Fourthly: a bed, about one hundred feet thick of a compact, partially columnar, pale-grey, feldspathic lava, stained with iron, including very numerous crystals of opaque feldspar, and with some crystallised and disseminated calcareous matter. The tufaceous stratum on which this feldspathic lava rests is much hardened, stained purple, and has a spherico-concretionary structure; it here contains a good many pebbles of claystone porphyry.

Fifthly: thin beds, 400 feet in thickness, varying much in nature, consisting of white and ferruginous tuffs, in some parts having a concretionary structure, in others containing rounded grains and a few pebbles of quartz; also passing into hard gritstones and into greenish mudstones: there is, also, much of a bluish-grey and green semi-porcellanic stone.

Sixthly: a volcanic stratum, 250 feet in thickness, of so varying a nature that I do not believe a score of specimens would show all the varieties; much is highly amygdaloidal, much compact; there are greenish, blackish, purplish, and grey varieties, rarely including crystals of green augite and minute acicular ones of feldspar, but often crystals and amygdaloidal masses of white, red, and black carbonate of lime. Some of the blackish varieties of this rock have a conchoidal fracture and resemble basalt; others have an irregular fracture. Some of the grey and purplish varieties are thickly speckled with green earth and with white crystalline carbonate of lime; others are largely amygdaloidal with green earth and calcareous spar. Again, other earthy varieties, of greenish, purplish and grey tints, contain much iron, and are almost half composed of amygdaloidal balls of dark brown bole, of a whitish indurated feldspathic matter, of bright green earth, of agate, and of black and white crystallised carbonate of lime. All these varieties are easily fusible. Viewed from a distance, the line of junction with the underlying semi-porcellanic strata was distinct; but when examined closely, it was impossible to point out within a foot where the lava ended and where the sedimentary mass began: the rock at the time of junction was in most places hard, of a bright green colour, and abounded with irregular amygdaloidal masses of ferruginous and pure calcareous spar, and of agate.

Seventhly: strata, eighty feet in thickness, of various indurated tuffs, as before; many of the varieties have a fine basis including rather coarse extraneous particles; some of them are compact and semi-porcellanic, and include vegetable impressions.

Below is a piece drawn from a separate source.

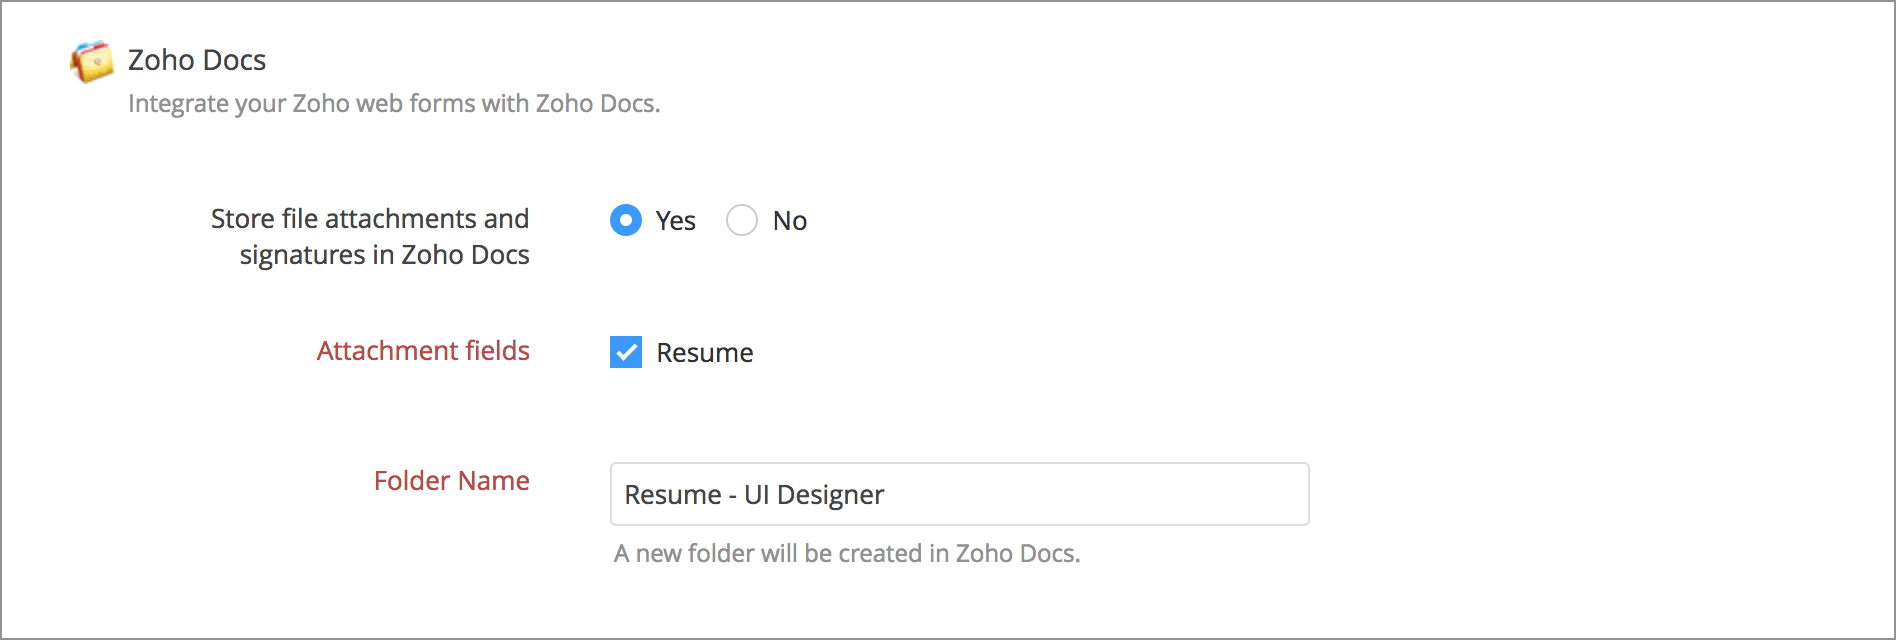 Zoho Spreadsheet Login Intended For Zoho Sheet Integration  Zoho Forms  User Guide Zoho Spreadsheet Login Spreadsheet Downloa Spreadsheet Downloa zoho spreadsheet login
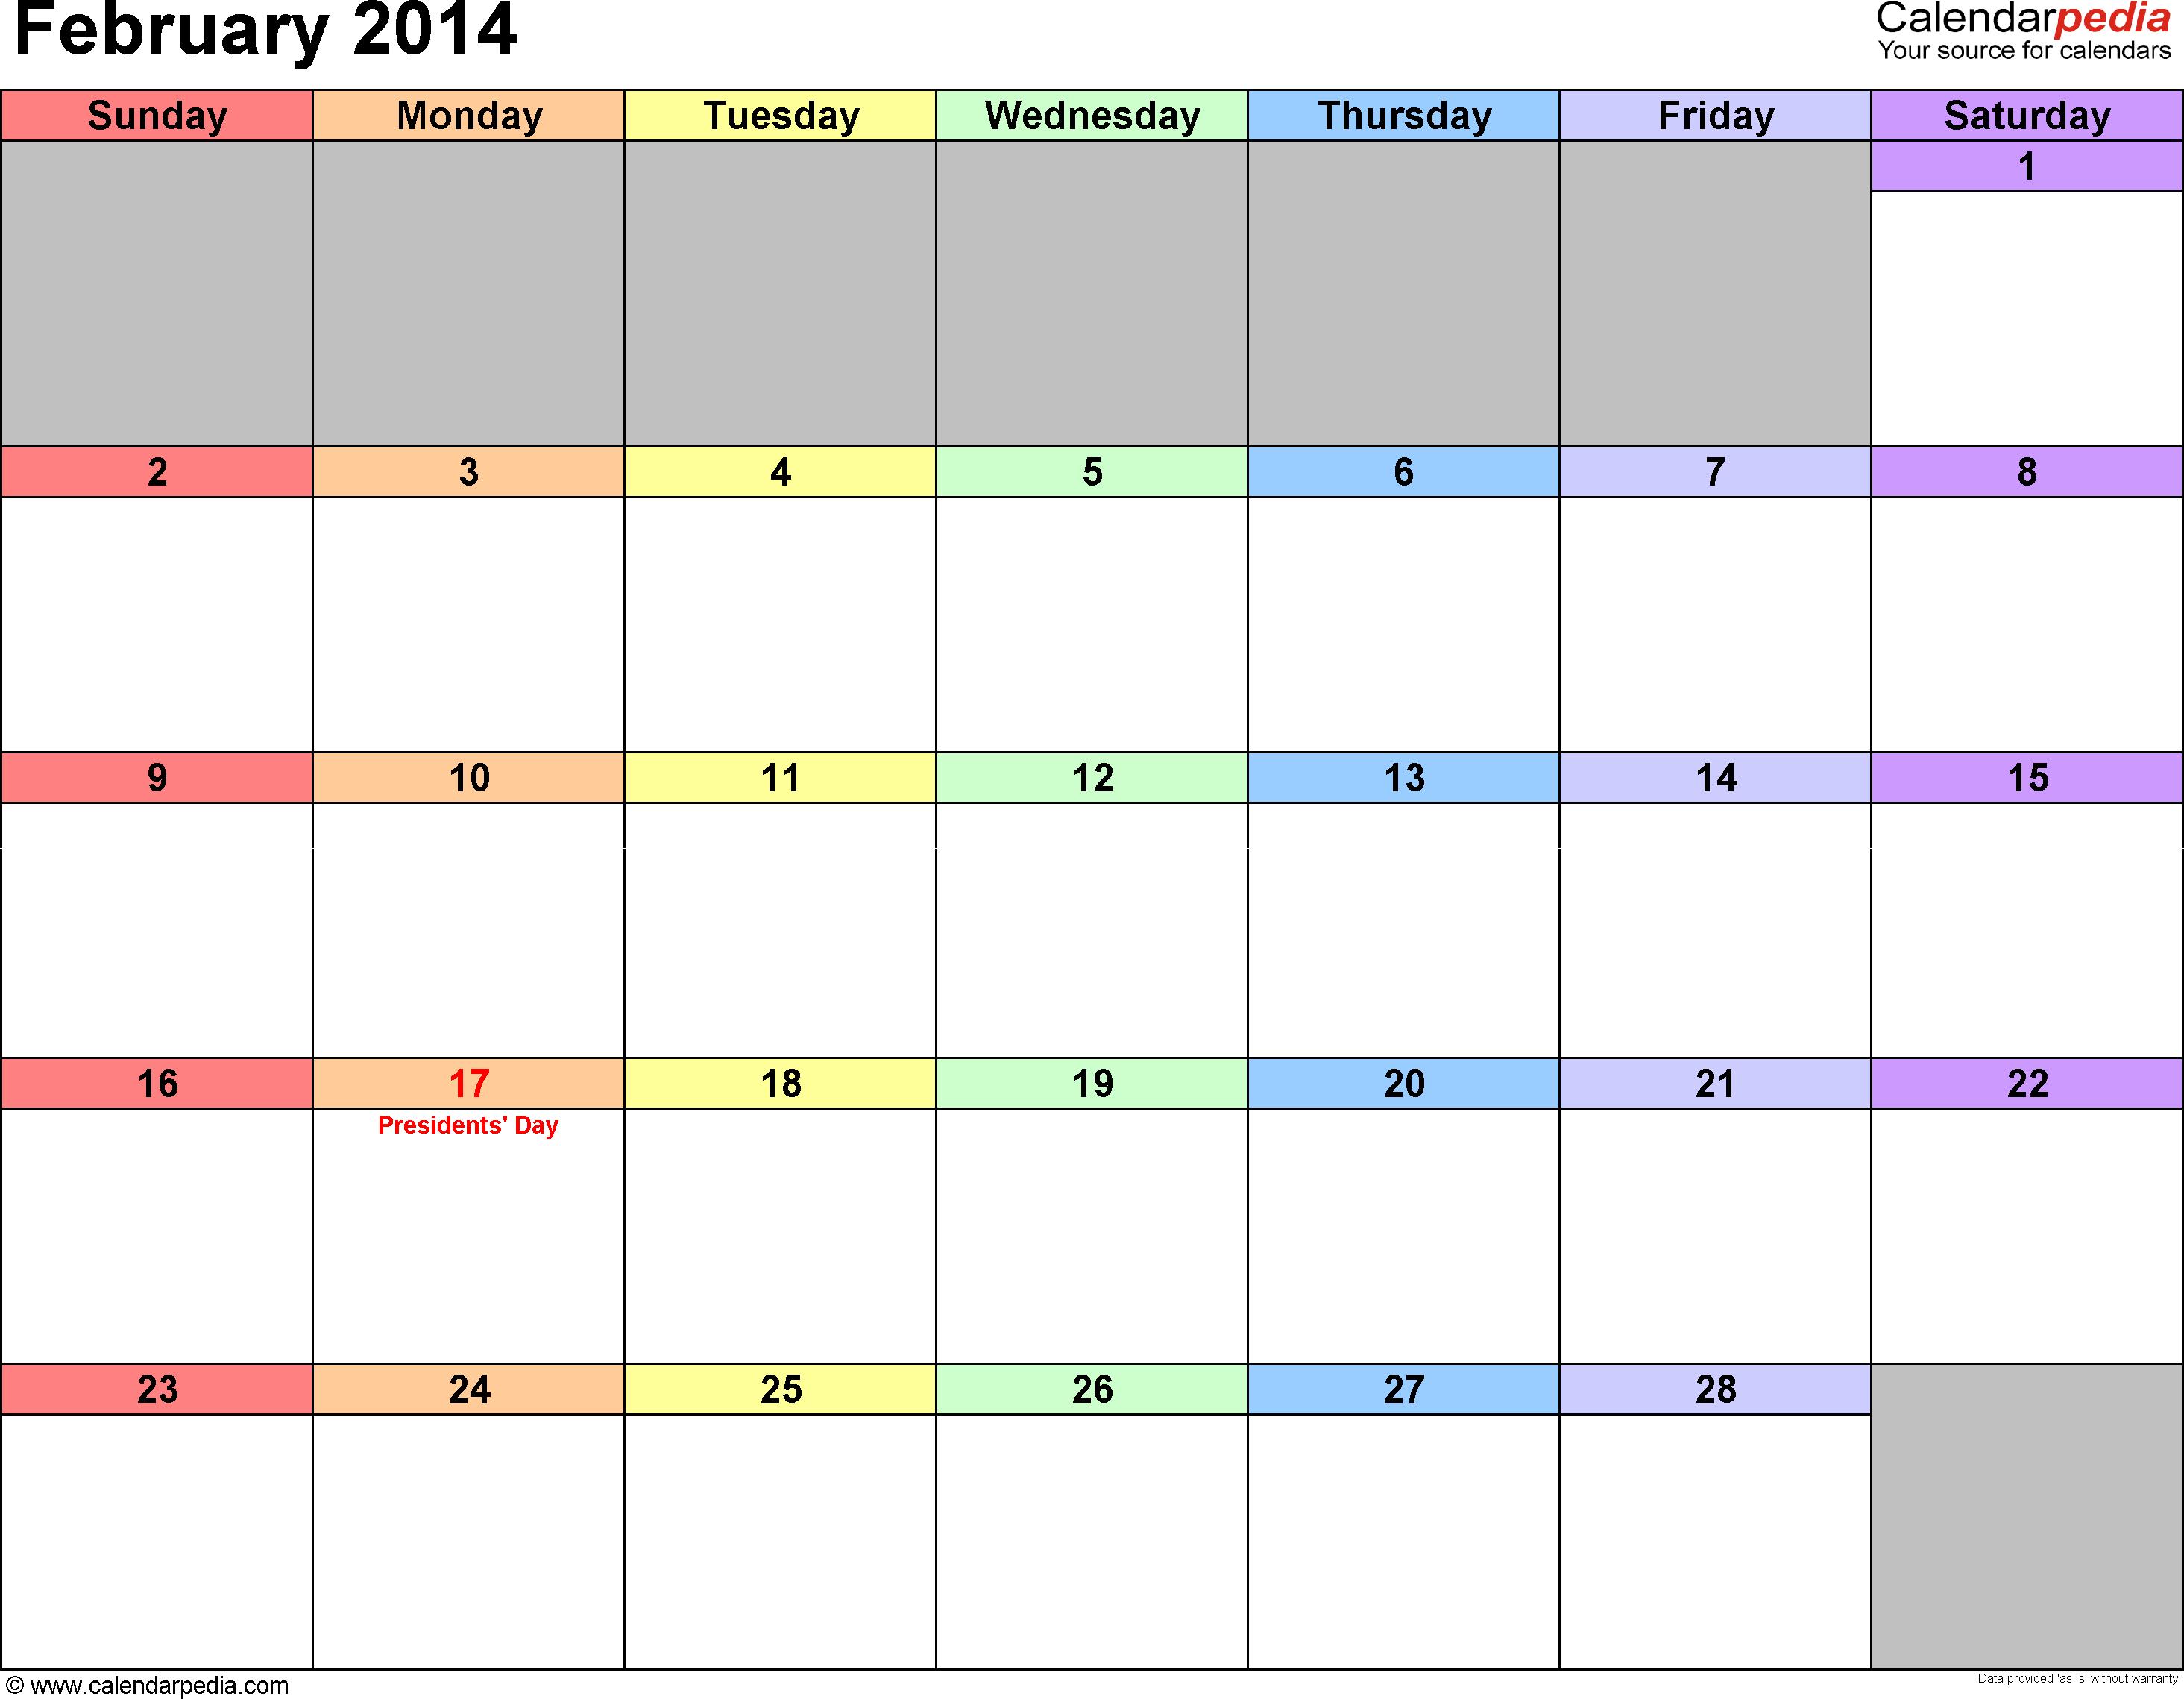 February 2014 calendar printable template

Eighthly: a bed, about fifty feet thick, of greenish-grey, compact, feldspathic lava, with numerous small crystals of opaque feldspar, black augite, and oxide of iron. The junction with the bed on which it rested, was ill defined; balls and masses of the feldspathic rock being enclosed in much altered tuff.

Ninthly: indurated tuffs, as before.

Tenthly: a conformable layer, less than two feet in thickness, of pitchstone, generally brecciated, and traversed by veins of agate and of carbonate of lime: parts are composed of apparently concretionary fragments of a more perfect variety, arranged in horizontal lines in a less perfectly characterised variety. I have much difficulty in believing that this thin layer of pitchstone flowed as lava.

Eleventhly: sedimentary and tufaceous beds as before, passing into sandstone, including some conglomerate: the pebbles in the latter are of claystone porphyry, well rounded, and some as large as cricket-balls.

Twelfthly: a bed of compact, sonorous, feldspathic lava, like that of bed No. 8, divided by numerous joints into large angular blocks.

Thirteenthly: sedimentary beds as before.

Fourteenthly: a thick bed of greenish or greyish black, compact basalt (fusing into a black enamel), with small crystals, occasionally distinguishable, of feldspar and augite: the junction with the underlying sedimentary bed, differently from that in most of the foregoing streams, here was quite distinct:--the lava and tufaceous matter preserving their perfect characters within two inches of each other.